Professor Ruth Keogh
BSc MSc DPhil
Professor
of Biostatistics & Epidemiology
LSHTM
Keppel Street
London
WC1E 7HT
United Kingdom
I joined the Medical Statistics Department at LSHTM in 2012. I studied Mathematics and Statistics at the University of Edinburgh, an MSc in Applied Statistics at the University of Oxford, and a DPhil in Medical Statistics/Epidemiology also in Oxford.
Affiliations
Teaching
I teach on the MSc in Medical Statistics. This includes organising a module on Survival Analysis, and also teaching modules on Generalized Linear Models and Advanced Research Methods. I also on the MSc in Health Data Science.
I enjoy supervising and advising a number of PhD students and act as the Research Degrees Coordinator for the Department of Medical Statistics.
Research
My research is funded by a UK Research and Innovation (UKRI) Future Leaders Fellowship on the topic of Evaluating effects of complex treatments in chronic disease using large observational datasets.
The aim of my research programme is to apply and develop statistical causal inference methods for answering questions about the effects of treatments on health outcomes using observational data.

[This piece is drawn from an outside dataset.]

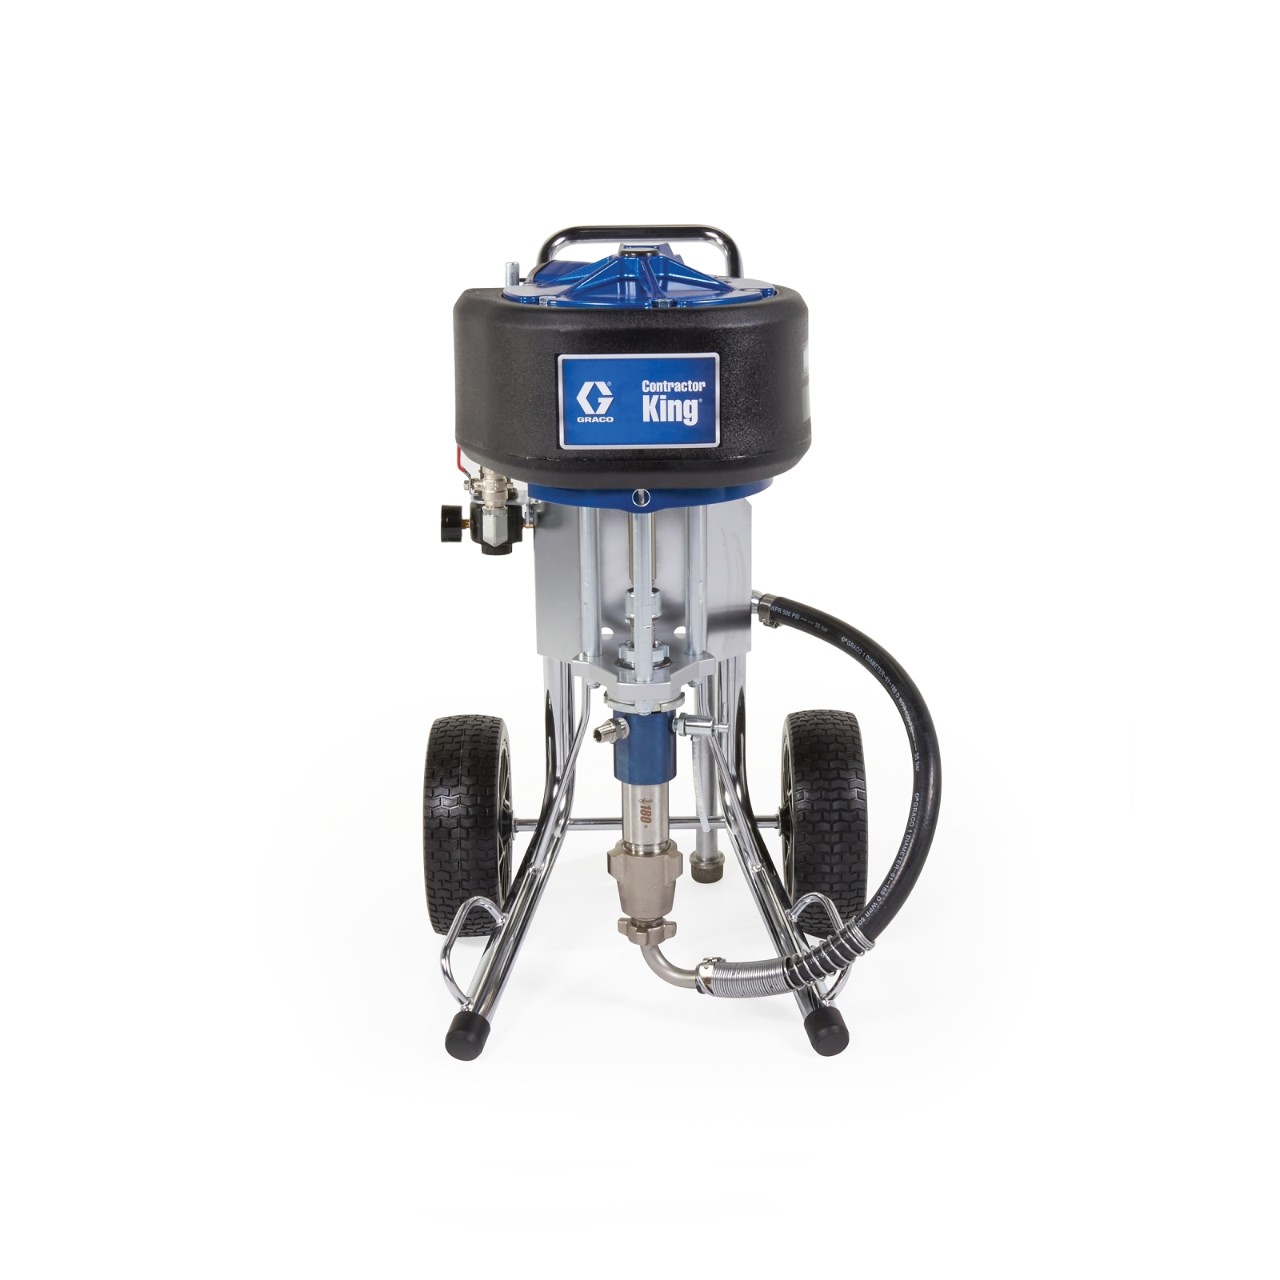 Graco Contractor King Air Powered Airless Sprayer
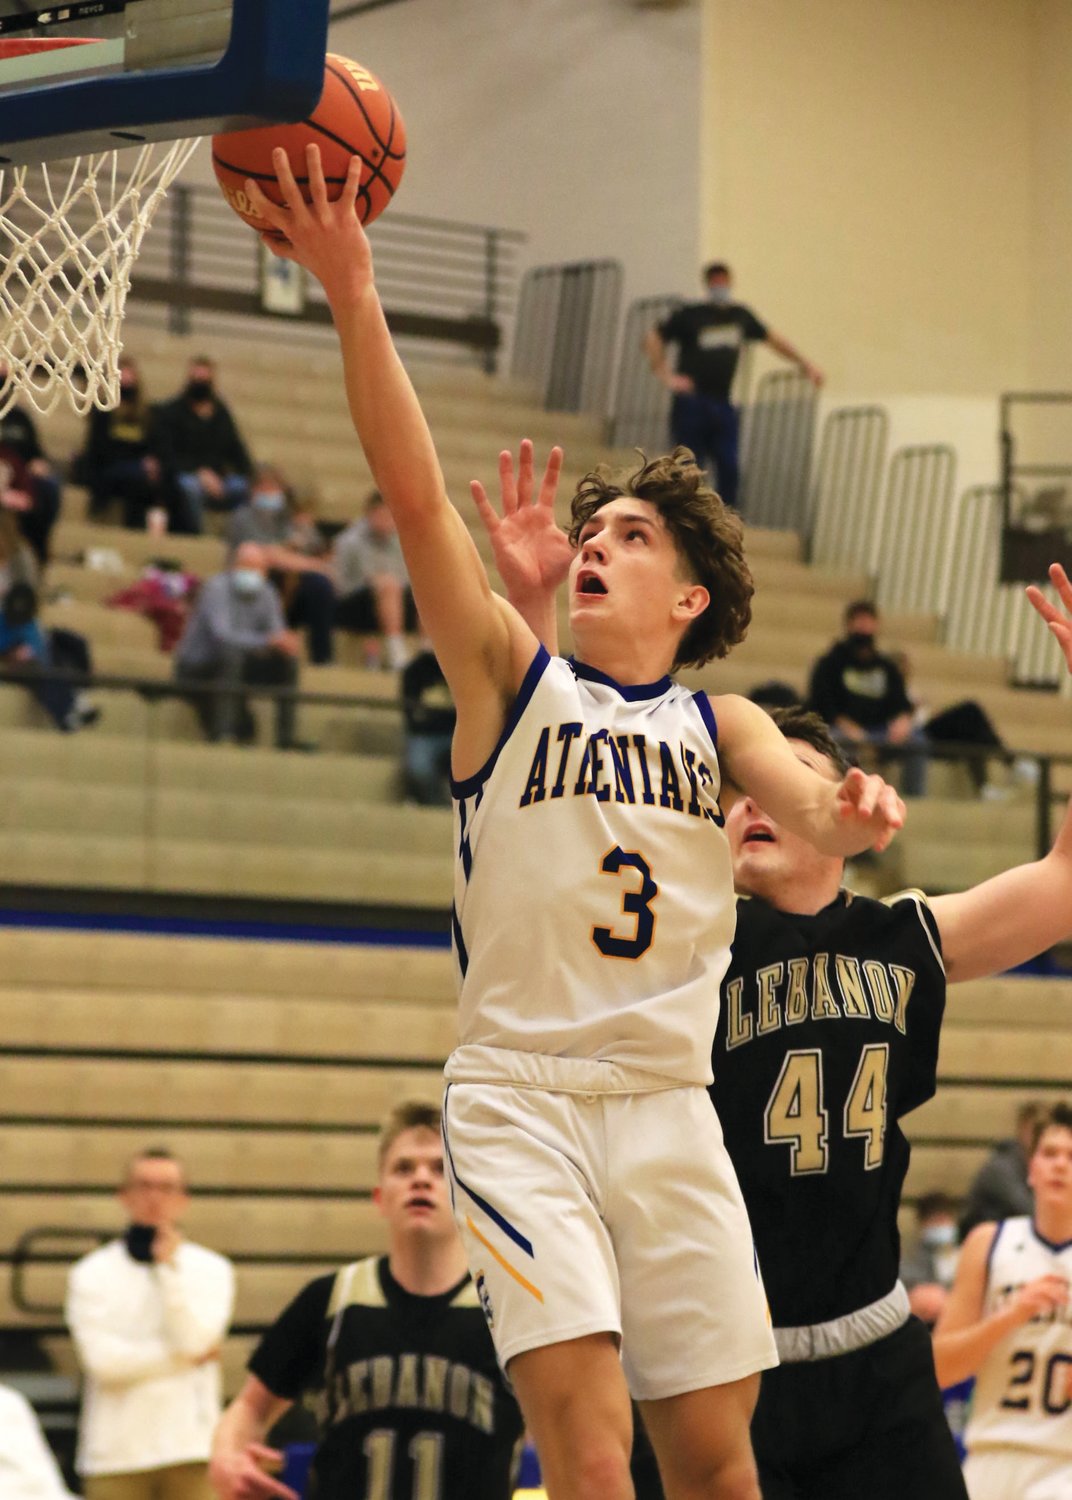 Crawfordsville’s Ty Lynas led the Athenians with 17 points in a 49-38 Sagamore Conference win over Lebanon on Wednesday night.

I am especially interested on an approach based on mimicking a sequence of “hypothetical trials” within longitudinal data.
I am using these methods to tackle crucial questions about treatment effects in cystic fibrosis (CF) using data from the UK Cystic Fibrosis Registry. This includes investigations of the impact of new precision medicines on long term outcomes, and of the impact of different treatment combinations.
I am also involved in Covid-19 research, including to understand the trajectories of patients hospitalised with Covid-19 and to evaluate the effectiveness of different treatment strategies.
My research interests also include:- Methods for the analysis of survival or time-to-event data in general.
- Methods for dynamic prediction of survival using large patient databases using landmarking, including using machine learning approaches.
- Use of multiple imputation to handle missing data in case-control studies and time-to-event studies.
- Methods for correcting for the effects of exposure measurement error.